Providing workshops in schools, training for teachers, staging exhibitions and more, the Center for Diversity Education has brought learning about inclusion and equity to communities, schools and organizations throughout Western North Carolina, seeking to foster conversation and respect among cultures. Miles created the center 23 years ago as a project of the Asheville Jewish Community Center; the center became part of UNC Asheville in 2013.
“At the start in 1995, the center’s work was mostly in K-12 schools, focusing on how to include different ethnic, racial, and religious voices in the classroom, and the support of the JCC was crucial,” recalled Miles. “As the center’s work continued, so many people in the region got involved and we all have learned as we worked, expanding the center’s programs to include the stories of narratives of underrepresented communities including immigrants, people of color, LGBTQ, the disabled, and more.”
“In this predominantly white region, my whiteness likely made it easier to raise issues of diversity with many people. I have tried to use that privilege to create openings for neighbors whose voices, perspectives and histories have been underrepresented, so that everyone’s children get a broader picture and so the community has a more complete and honest ‘shared narrative.’ Diversity education ultimately is part of what we need to foster the peace of the home, the neighborhood, the nation, and the world. For me, this celebration will be a chance to recognize the many incredible teachers, volunteers, activists and those who have shared their stories and made the hard sacrifices.” said Miles.
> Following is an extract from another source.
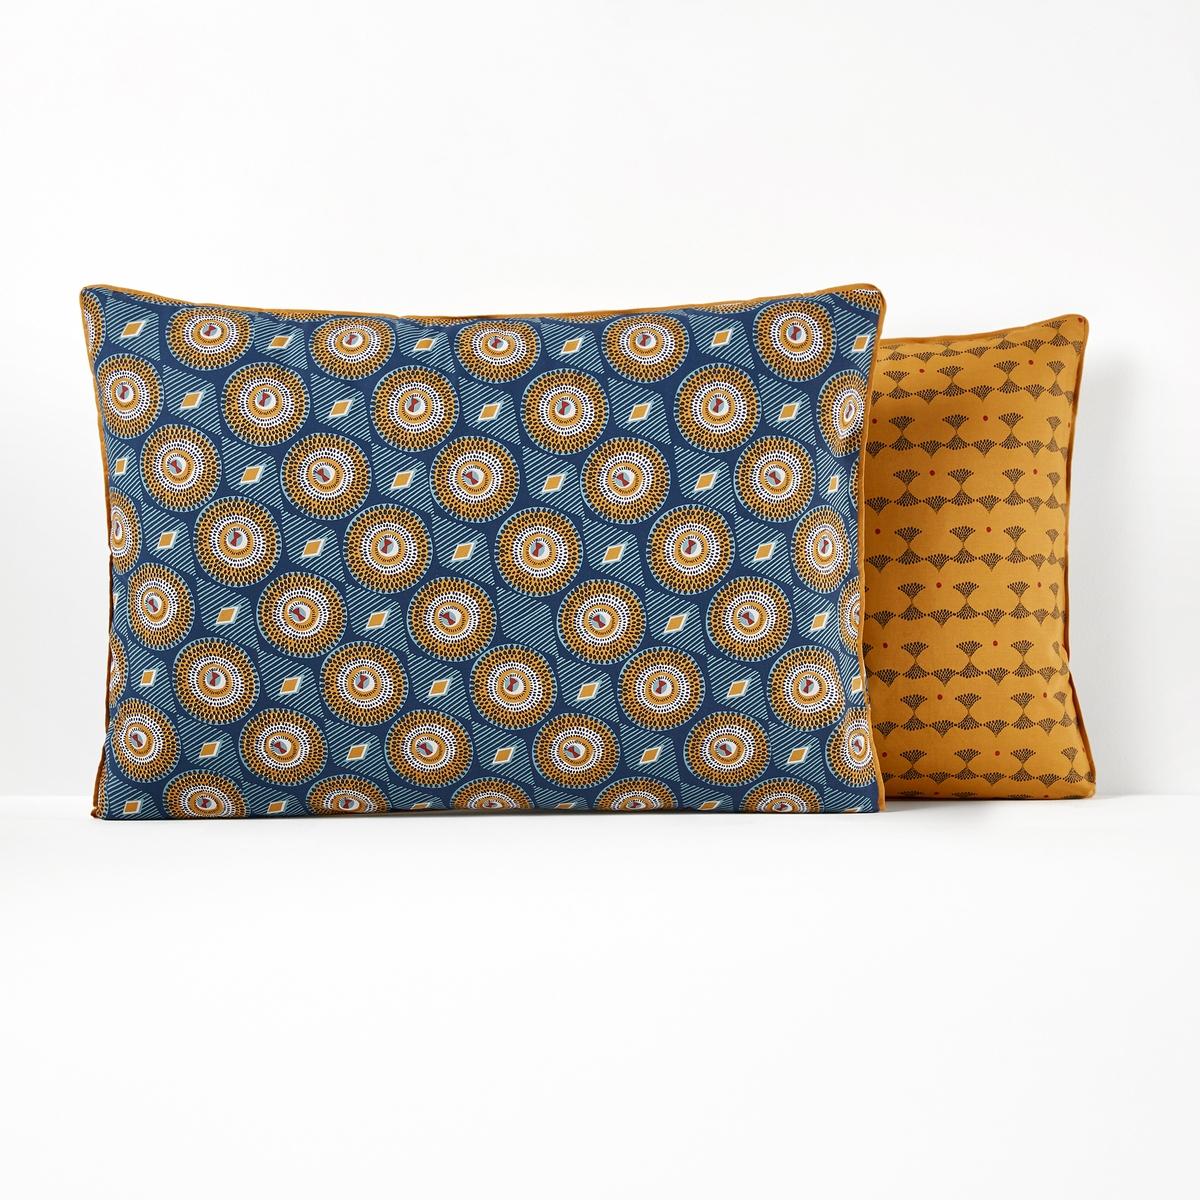 Wax Pure Cotton Pillowcase

As part of the celebration, video interviews will be screened with local Holocaust survivor Rubin Feldstein and members of the Asheville Student Committee on Racial Equality including James Ferguson and Al Whitesides. Poetry will be read by DeWayne Barton, founder and CEO of Hood Huggers International, and remarks will be offered by members of the center’s community partnerships including Everyone’s Environment and the WNC Diversity Engagement Coalition.
“For nearly a quarter century, Deborah Miles has led the Center for Diversity Education in its advocacy for racial understanding, collaboration, and equity,” said UNC Asheville Interim Chancellor Joe Urgo. “Since moving the center to UNC Asheville, Deborah has channeled that advocacy as well towards campus efforts in diversity and inclusion, often challenging us to match our progressive rhetoric with material progress. The center is a national model for university and community cooperation to anticipate the needs of a society undergoing continuous re-evaluation of its past, and re-visioning of an acceptable present and future. Deborah has built strong foundation of opportunity – we are excited to see how her successor will continue the Center’s work.”
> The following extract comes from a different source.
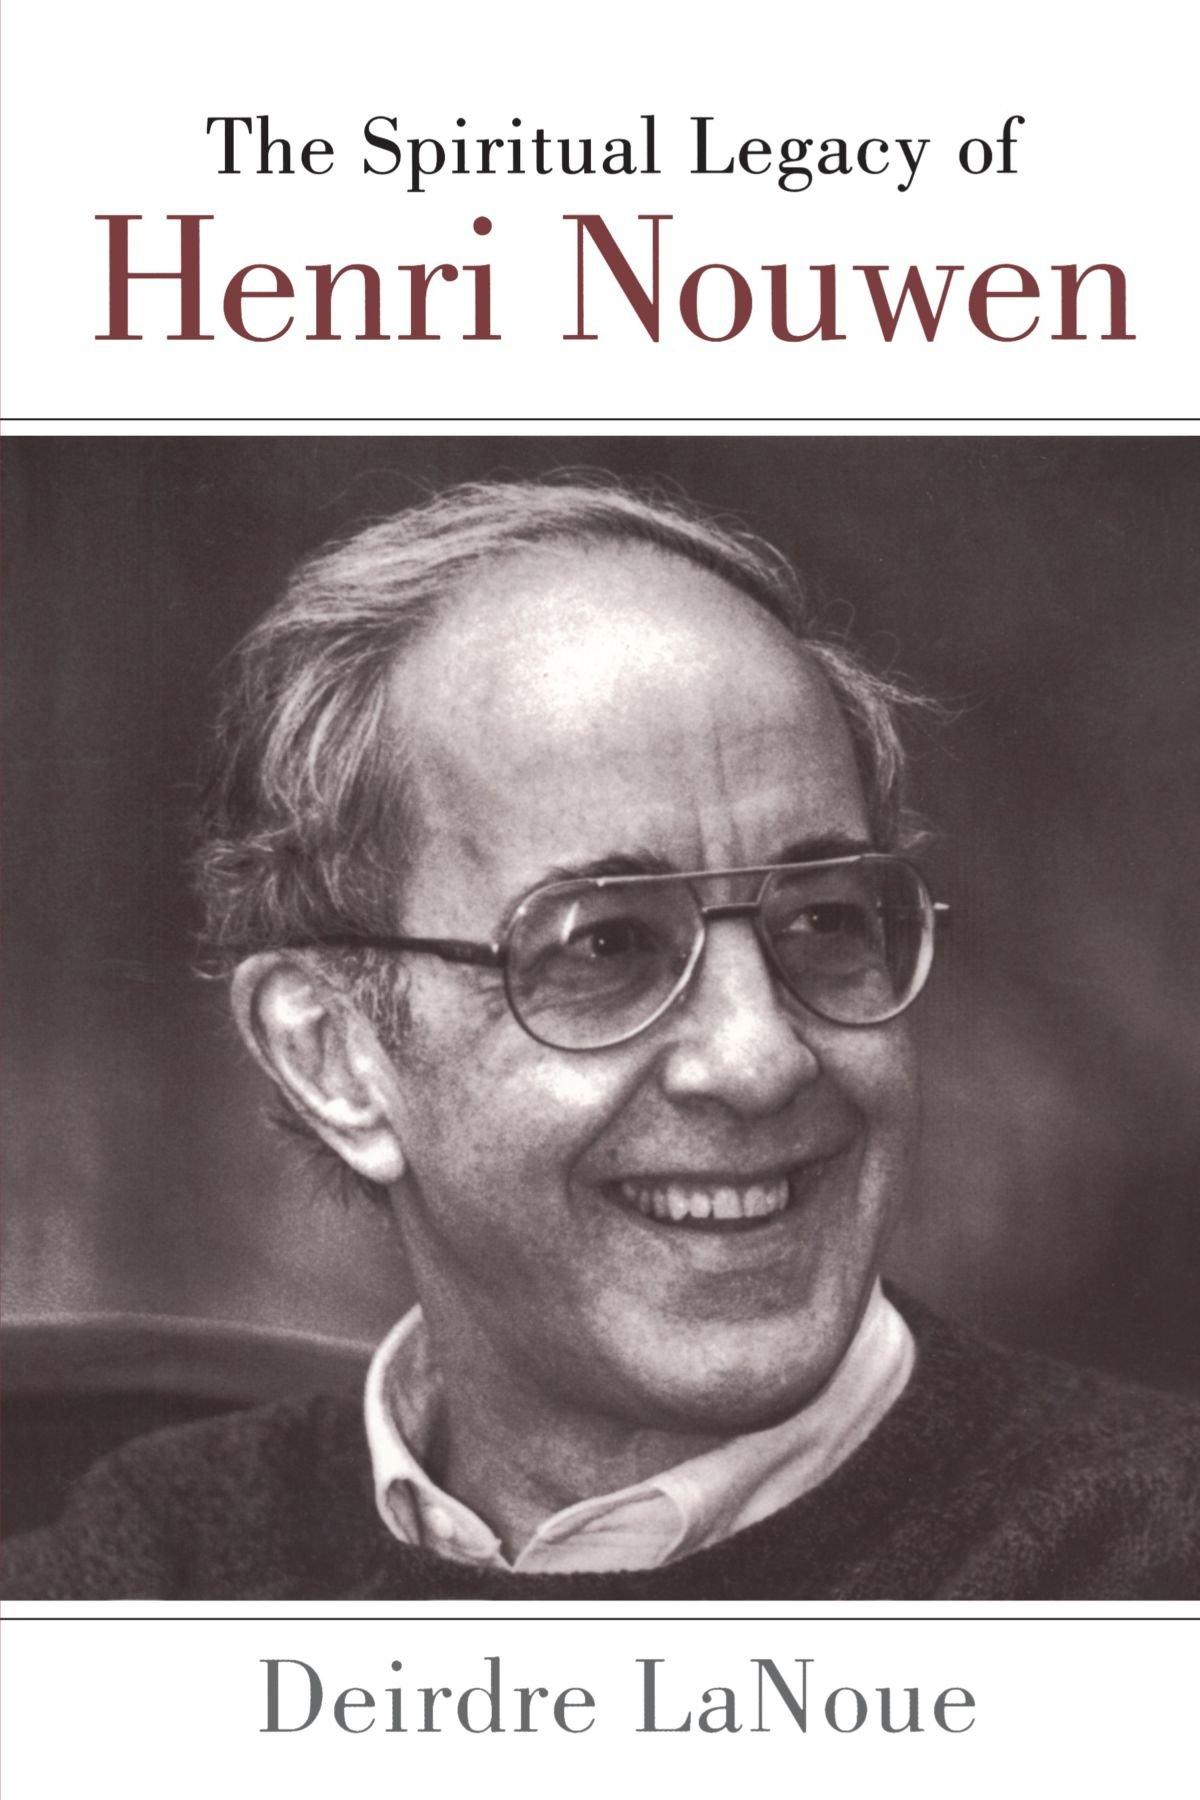 The Spiritual Legacy of Henri Nouwen PDF

One example of the center’s impact has been its role in the growing movement to unearth and present the stories of enslaved Americans through slave deeds and other original documents. In preparing an exhibition on stories of African-Americans in Buncombe County, 1850-1900, Miles learned about existing records, and in the summer of 2000, after securing a grant for this purpose, she was able to hire 20 high school students from A.C. Reynolds, T.C. Roberson and Asheville High to search antebellum ledger books and find records of the people being sold along with corn and cattle.
Many years later, Miles approached Drew Reisinger, then newly elected as Buncombe County’s Register of Deeds, to seek one of the ledger books for another exhibition. Miles’ discussions with Reisinger prompted his decision to digitize all the available slave deeds and create an online exhibition. “UNC Asheville is doing a great job of making (the information) more available,” Reisinger told the Asheville Citizen-Times. “And a new generation of students are learning about first-source documents and the raw details of what slavery looked like in Buncombe County.”
“During my time here at UNC Asheville, I have been proud to collaborate with Deborah Miles and the Center for Diversity Education in its work to ensure that the voices of those historically marginalized in our society are brought to the foreground of our collective local, state, and national narratives,” said UNC Asheville Professor of History Darin Waters, who also serves as special assistant to the chancellor for community outreach. “This work has not only broadened our perspectives, it has changed them as well. As our community, state and nation becomes more diverse, the value of the work that Deborah and her many community partners have done through the center, will only become more palpable. As a member of the university community, I am proud to have been a part of the center’s work and look forward to ensuring that that work continues into the future.”